Coors
The Coors rebrand is an interesting study because their goal was to evolve the public’s perception of their character as well as visually. With the ultimate goal of cracking into the top 3 or 4 premium beers on an international scale, removing the “light” from Coors light, and adding the blue mountains were just the beginning of their transformation. Their marketing department acted on the results of studies that showed consumers found their new branding “more distinctive and appealing”. Even though the blue mountain adaptation caught some slack for being similar to Evian, it does give Coors an icon to rely on for their mobile and digital presence.
Malcolm Gladwell once said, “There can be as much value in the blink of an eye as in months of rational analysis”. While Coors was right to have their marketing department run studies garnering opinions of their new brand, they were also smart to think on a surface level by choosing an Icon that they embedded multiple associations with. On their bottles, Coors created a mountains icon to turn blue when the beer was cold enough to properly enjoy. This is ingenious because now anytime a returning consumer sees the Blue Mountains, it stimulates memories of waiting for the beer to become as “cold as the Rockies”. Now your perception of the company and its brand encapsulates your entire experience of enjoying the beer.
Another dimension of brand evolution that we have seen during this has been their pivot to marketing to express their values in this move also with the Coors Seltzer mission to save America’s rivers. In today’s climate, being able to evolve for the digital realm, visually reflect positive values, and innovate simultaneously, is about all you can ask for in a rebrand. Lets take a step back and look at what can be learned from this process. One thing to certainly come back to is having a legitimate reason for the redesign. Simply undertaking a rebrand because you become bored and tired of looking at the same logo is simply not a good idea. It runs the risks of unnecessary spending, unrecognizability, and public backlash with the disadvantage of not being able to defend it. Be careful not to underestimate the emotional attachment that a consumer may have with an old brand logo. The pros for the rebrand, must outweigh those alone. Brand evolutions should be a gradual process that happens naturally as the culture, environment, and public needs shift over time.

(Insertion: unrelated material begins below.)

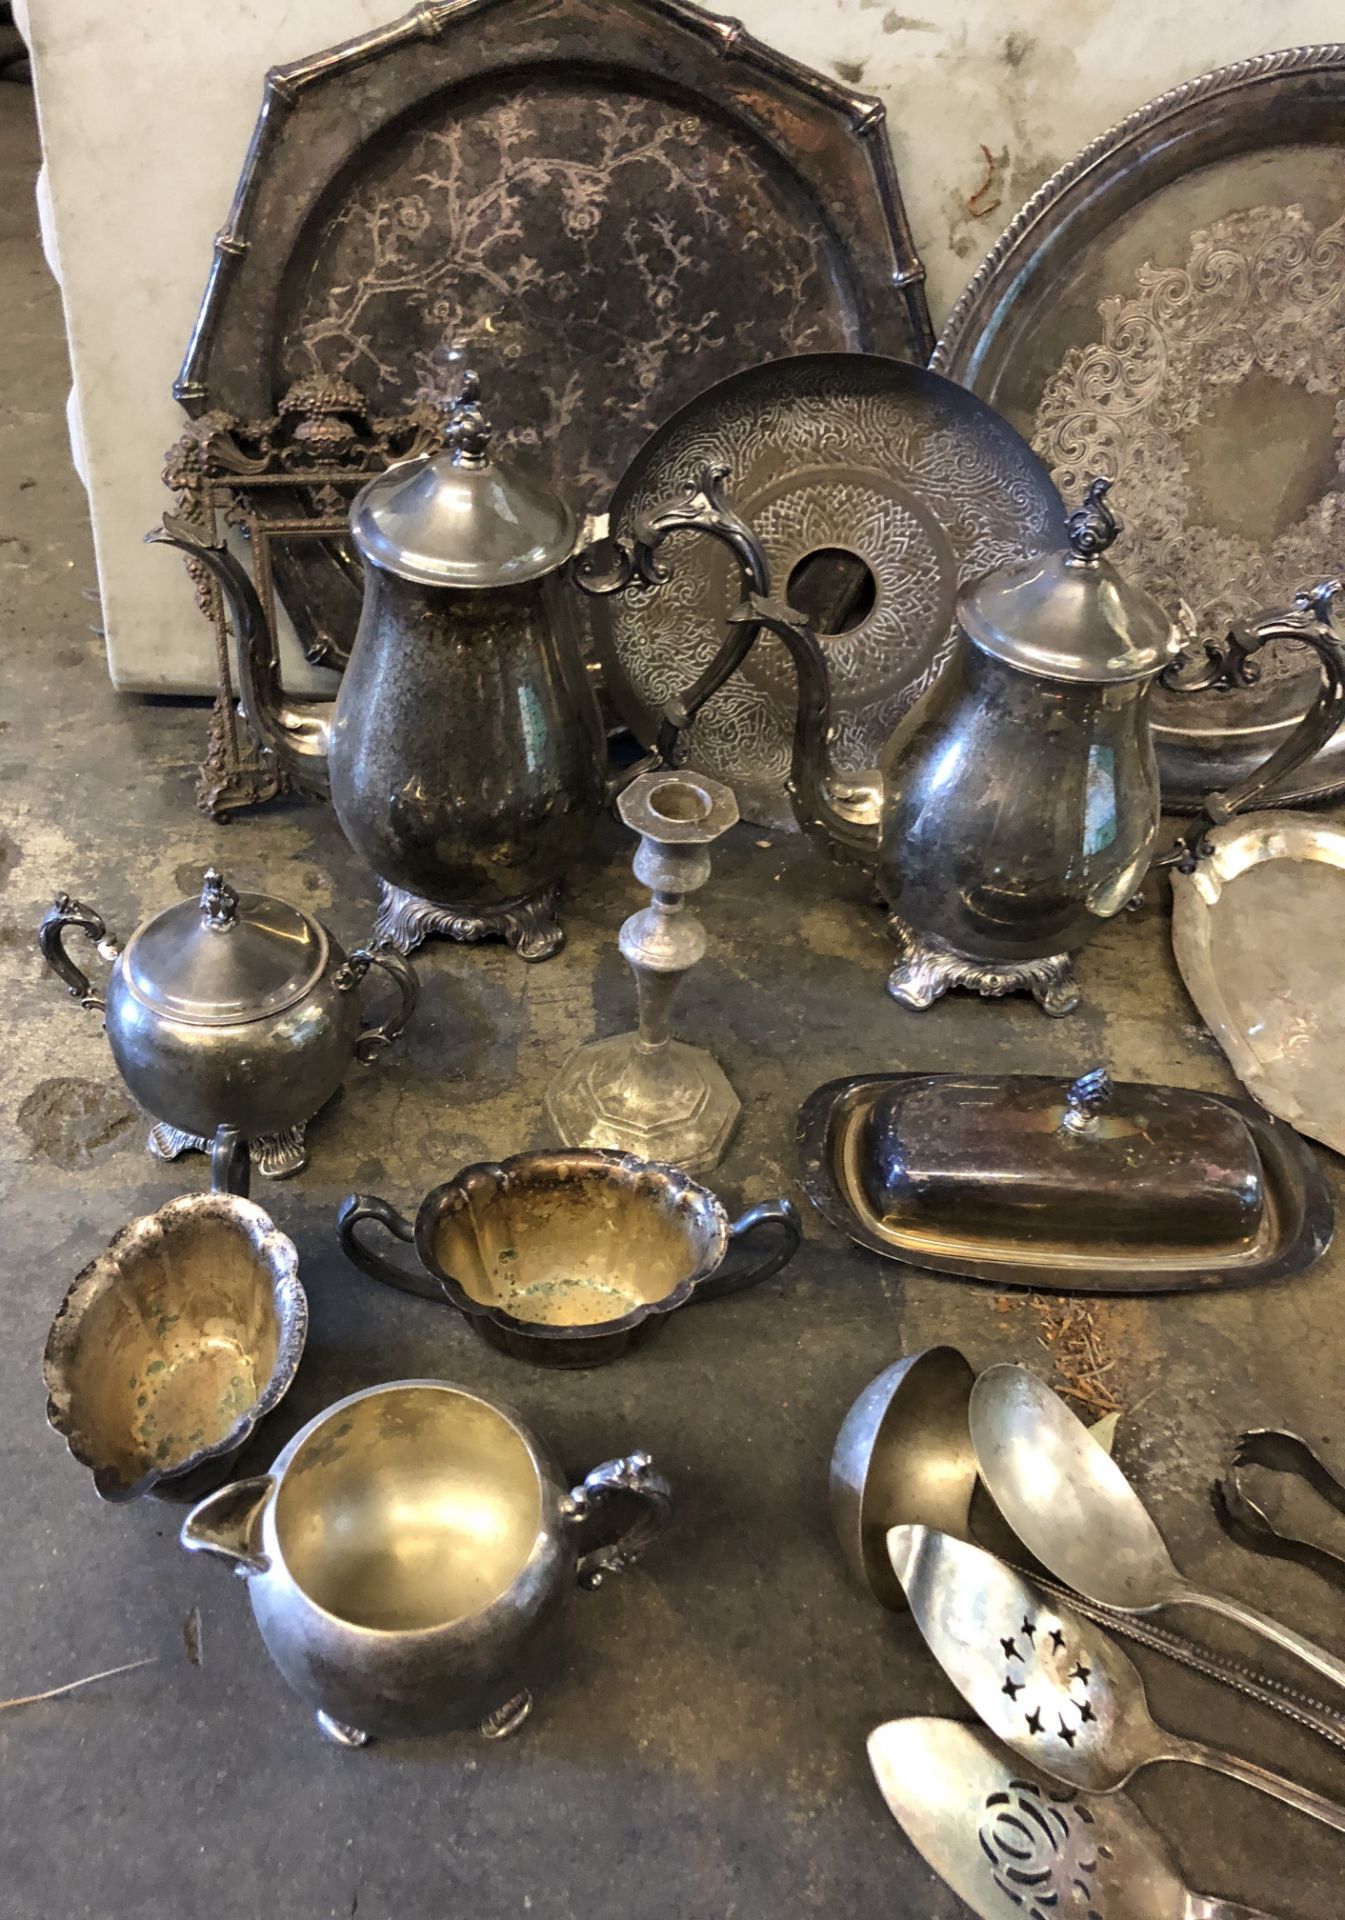 LARGE ANTIQUE, SILVER, SILVER PLATED SERVING TRAYS AND MISC SILVER PLATED OR SILVER ITEMS - Image 2 of 4

Another common trend, was adapting to the desktop and mobile experience. Maintaining brand standards across screens of all sizes is a hard thing to do. And if your logo wasn’t built with that kind of malleability from the jump then it may be impossible without a rebrand. Every company that has an app needs to be recognizable in the form of an icon, and every company with a website has to have a brand identity that is fluent across the largest computers and smallest phones. Often, in order to achieve this the logo will have to undergo some degree of simplification, while maintaining originality.